Самое надежное место — хутор Михайловна. Всего несколько домов. Мало кто в городе знает, что там, среди развалин старинной церкви, сохранился потайной подземный ход в давно заброшенный пристрой. Крыша у него завалилась, у стен, которые уже вросли в землю, густо поднялся бурьян. Зато внутри просторно и сухо. Сюда-то и решила Анна Георгиевна переселить оставшиеся в музее картины.
Вначале ей помогали присланные лейтенантом саперы. А потом, когда уже запылал город, она одна на скрипучей тачке всю ночь перевозила ценные полотна на тихий, всеми покинутый хутор.
Картины были для нее больше, чем произведения искусства. О чем бы она ни думала, мысли ее неизменно возвращались к ним. Чудесным, неповторимым сиянием красок они не раз ободряли ее, придавали ей сил даже в самые горькие минуты. Известие о гибели Владимира вновь подтолкнуло ее к мольберту. С кистью в руке она пыталась представить далекий Пиренейский полуостров. Выжженную солнцем равнину в долине Харама, тревожное небо Мадрида, изрубленные осколками оливы в Каса дель Кампо. Но она никогда не была в тех краях. Она никогда не сражалась в Испании. И краски не слушались ее. Было досадно и больно. Но теплело на сердце, когда она видела, как уверенно владеет кистью Алешка. А сколько радости доставила его первая премия на городской выставке молодых живописцев! Пейзаж Алеши Горского ≪Корабли на рейде≫ был признан лучшим…

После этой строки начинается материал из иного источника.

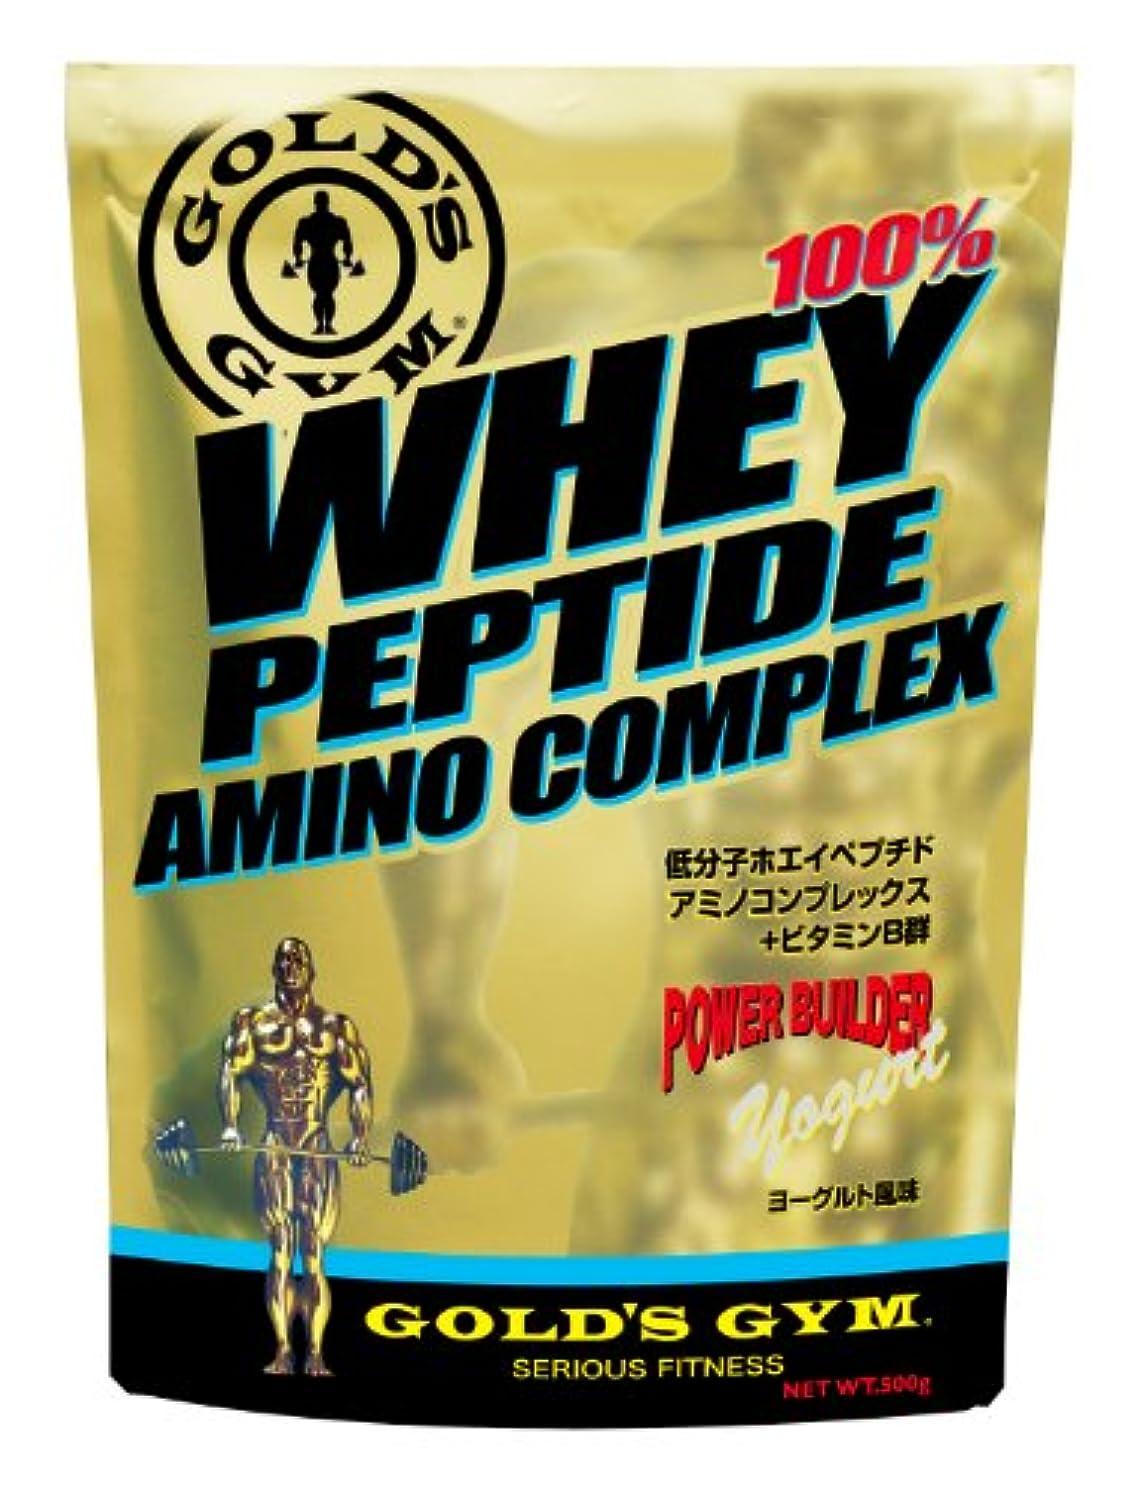 効果十年味付けGOLD'S GYM ホエイペプチド アミノコンプレックス ヨーグルト風味 500g

Через неделю после вступления в город немецких войск Анну Георгиевну вызвали в комендатуру. Она ожидала допроса с дикой руганью и побоями. Но офицер в чине обер- лейтенанта оказался на редкость вежливым и тактичным.
— Мы решили побеспокоить вас,— с расстановкой сказал он, почти не коверкая русских слов.— Вы должны нам помогать.
— Что вам угодно?
— Один маленький пустяк.— Обер-лейтенант тщательно пригладил ладонями словно приклеенные к черепу редкие рыжеватые волосы.— Мы будем разговаривать о здешний музей. Не смотрите на меня с таким злость. Сегодня наступила война. Да! Но я есть художник. Хельмут Грубер всегда есть живописец. Весь мой семья любит искусство. Дюрер! Кранах! Гольбейн! Репин — это тоже большой хорошо,— Немец приподнялся в кресле и обеими руками, широко растопырив пальцы, оперся о стол.— Ваш музей, здешний картины — зеер гут. Они должны висеть на место. Да!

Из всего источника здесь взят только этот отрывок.